Stephen was beside her, his dark curls a striking contrast to her white-blond ones, her complexion already approaching his pale ivory hue. They made a handsome couple, Dick thought, amazed at how normal he still considered them. Even when Stephen had told him the truth about the Austra family, it had taken hours to convince him of it. How easily they hid!

Then Helen saw him and motioned him over. He was conscious of the eyes watching his niece as she hugged him and kissed his cheek. There were a few women here more beautiful than Helen but men and women did not look at them the way they did at Helen or even at Stephen. The Austra power, the Austra health, drew mortals to them like mayflies to an eternal torch.

As Helen stood beside him, she confessed one human weakness. —Stay close, Uncle— she said to him telepathically. —I feel like I’m for sale with the rest.—

Dick appeared momentarily startled, then, knowing she was showing off, responded with a chuckle and said softly, “If that concerned you, Helen, you never should have worn that dress. I think you’ll survive without me. Besides, it looks like a new line is forming to meet you.”

He had intended to begin walking through another section of the display when he saw a tall, white-haired man in his sixties farther back in line. With an experienced policeman’s eye, he scanned the gallery noting the three armed men in the crowd, their shoulders holsters carefully hidden under full-cut jackets, and, with irrational relief, the guards at each of the show’s exits. Even without the security, Raymond Carrera, undisputed head of organized crime in northern Ohio, could only be here to buy. Not certain how Helen would react to the man, he stayed close to her as Carrera walked over to her.

When Carrera took Helen’s hand, she sensed the blood on his conscience, the power of the man. She wanted to recoil but held her control perfectly, enough to smile when he introduced himself and complimented her on her work, to thank him as he said, “I would have bought a picture as an investment. I think now that I will keep it in my collection forever to remind me of your face.”

Carrera’s eyes shifted sideways, meeting Dick’s. “I’d heard this young woman was your niece, Captain. It made me curious. She shows great talent. You should be proud.” He nodded politely to both of them, then turned and walked toward the center of the lobby, one of his guards a few steps behind.

Helen watched them go, barely aware of Stephen and her uncle moving closer to her. “He’s facing federal charges soon. I wish I could admit what you probably just learned as evidence for the prosecution,” Dick said in a low tone.

“What I learned would make no difference, Uncle,” she replied, certain somehow that the man wouldn’t live long but that his presence here would one day have a tragic impact on her life.

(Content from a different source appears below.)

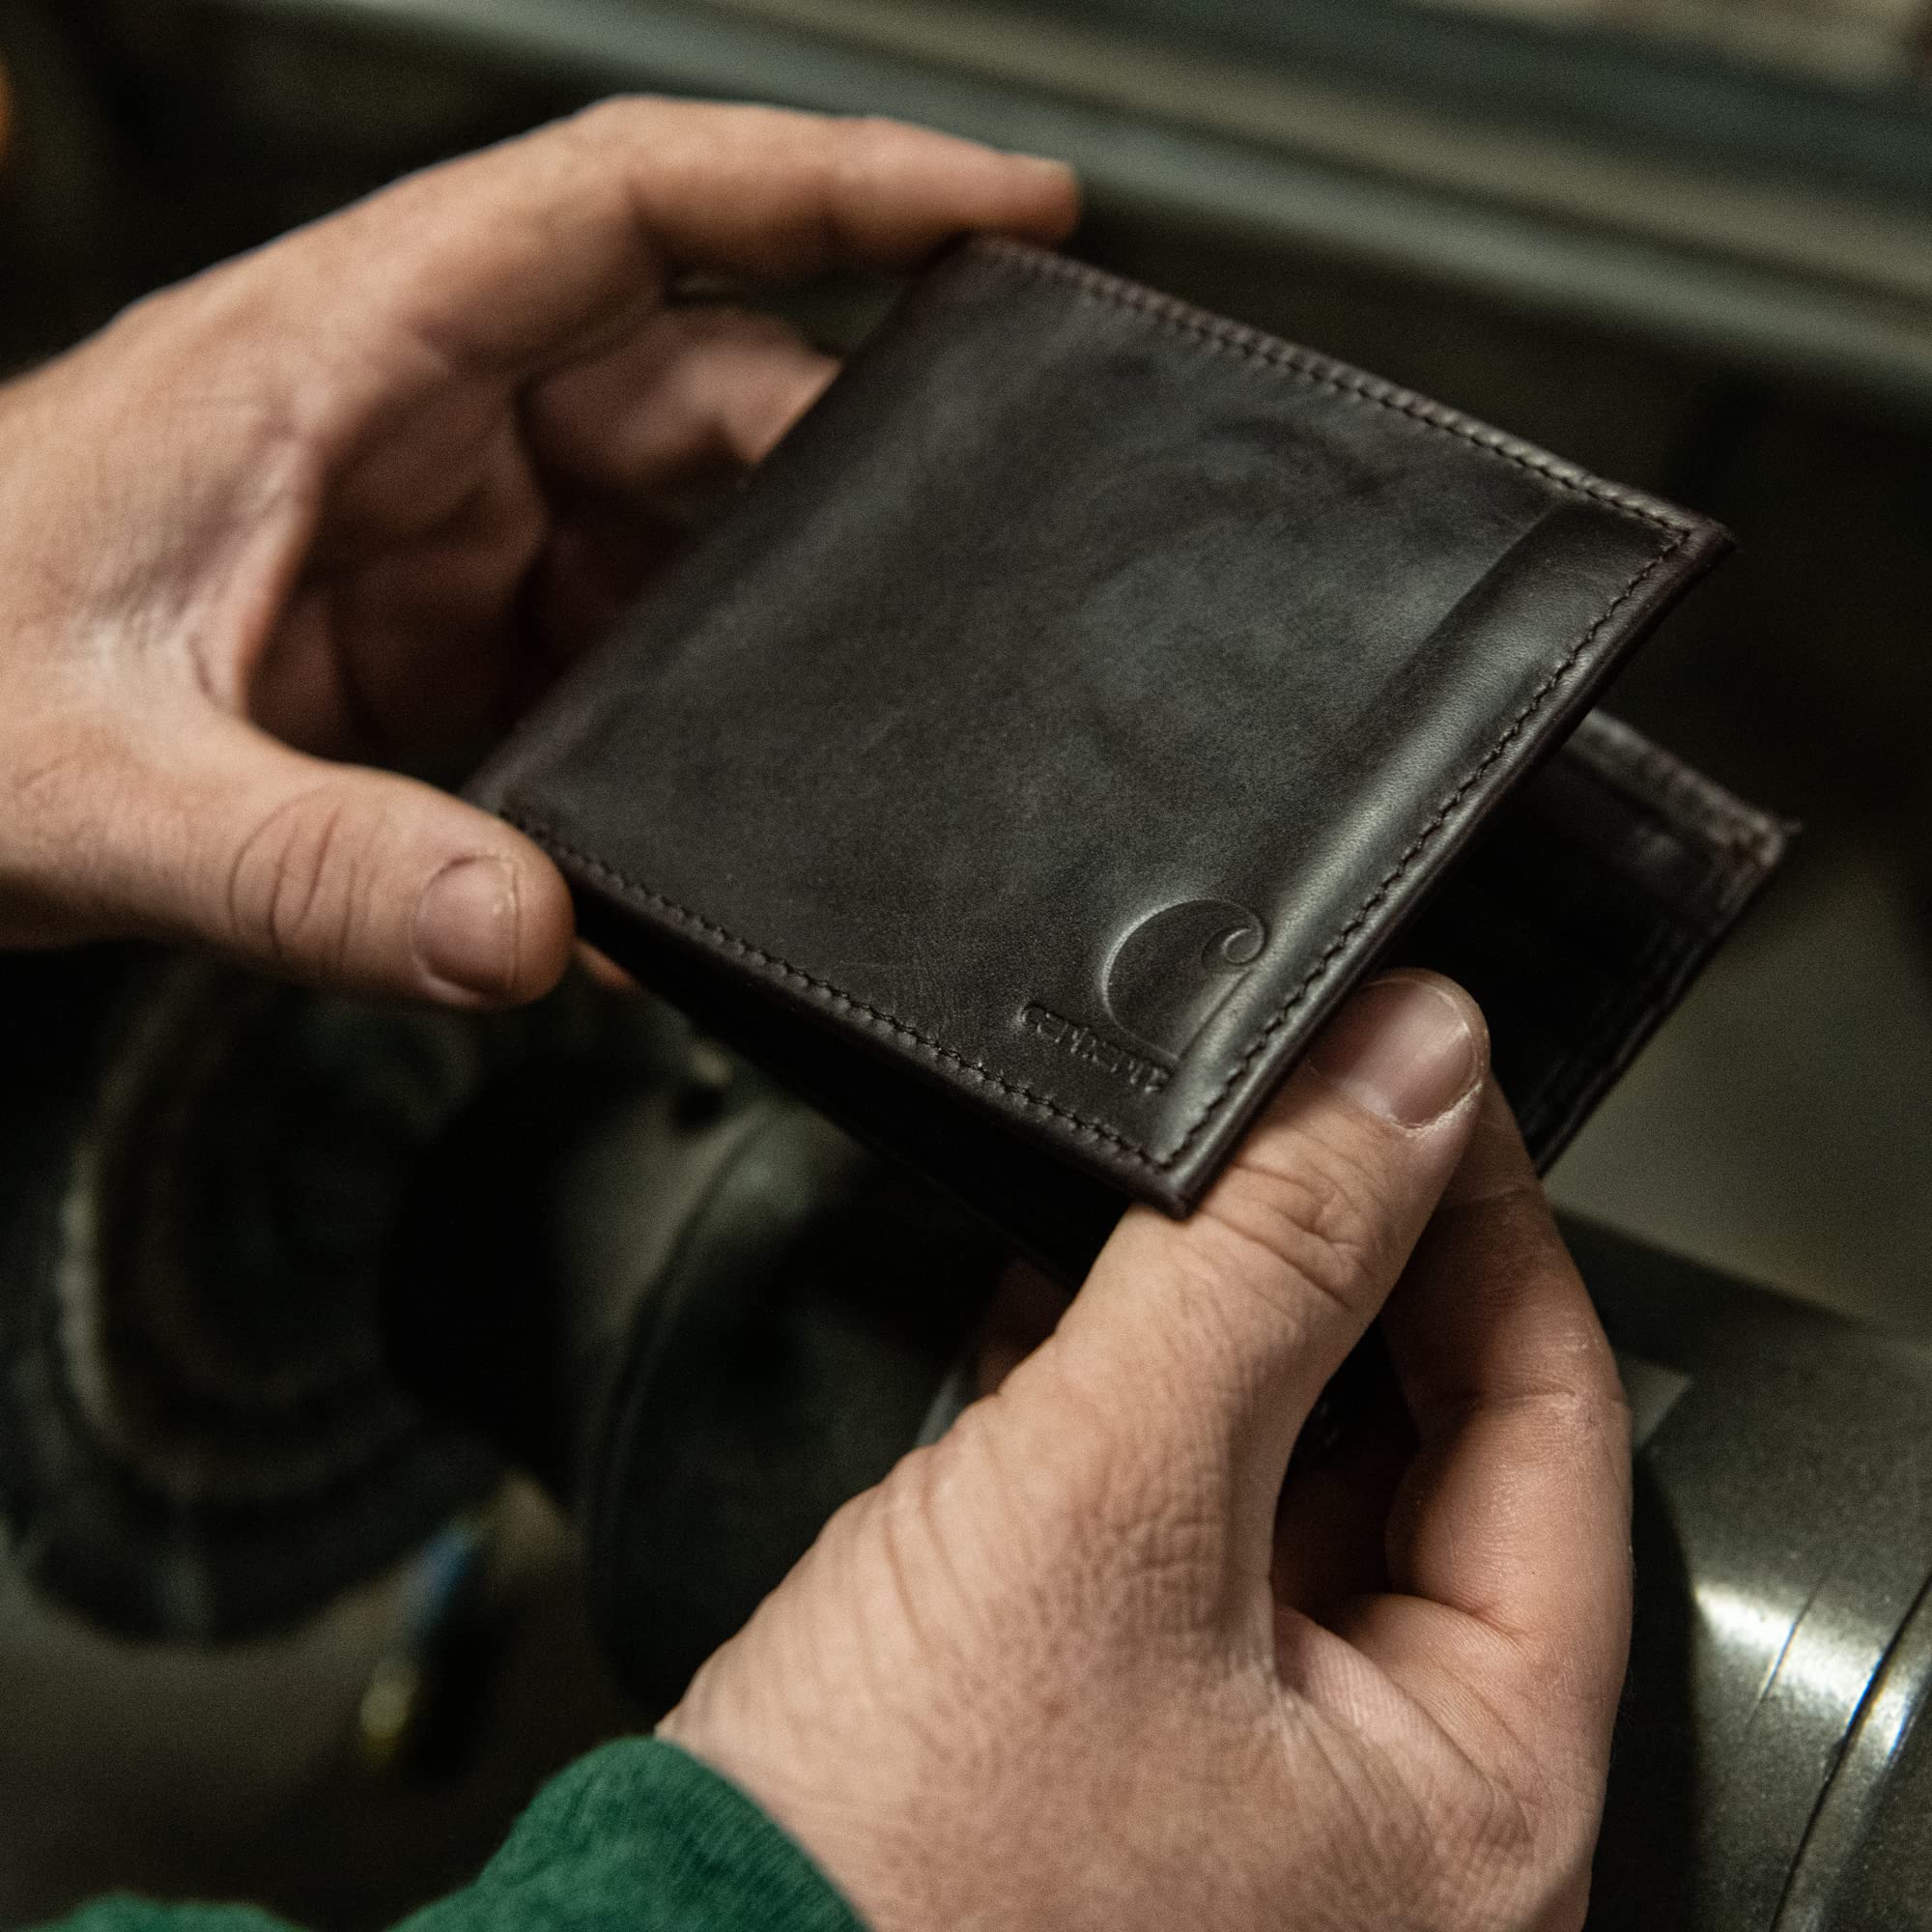 Carhartt Men's Billfold and Passcase Wallets, Durable Bifold Wallets, Available in Leather and Canvas Styles
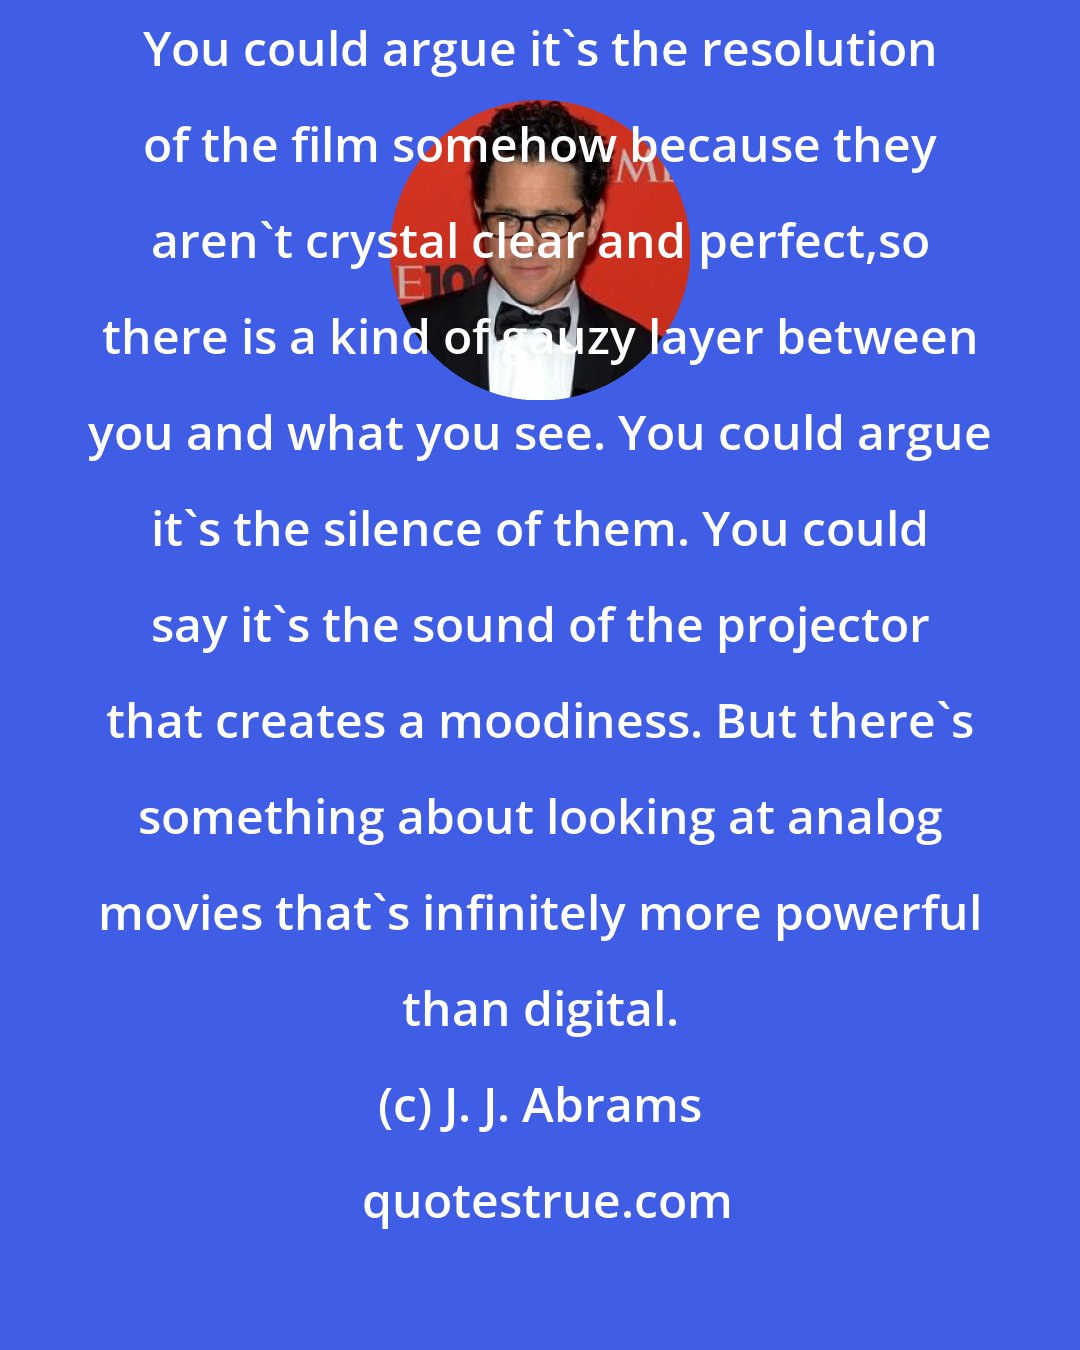 J. J. Abrams: There's something about looking at Super 8 films that is so evocative. You could argue it's the resolution of the film somehow because they aren't crystal clear and perfect,so there is a kind of gauzy layer between you and what you see. You could argue it's the silence of them. You could say it's the sound of the projector that creates a moodiness. But there's something about looking at analog movies that's infinitely more powerful than digital.

Her expression grew so troubled that Dick asked, “Are you all right?”

“I think so.” Helen watched the men walk away, inexplicably wondering about her strange surge of emotion. Carrera only made her feel sad and somewhat wary, but his sandy-haired bodyguard projected such evil she could almost see the blood on the marble floor where he had walked. Dismayed, she pulled her eyes away from him and took the hand of a young man who had been waiting to speak to her with eyes fixed on her face, fighting the desire to reach out and stroke her white-blond hair.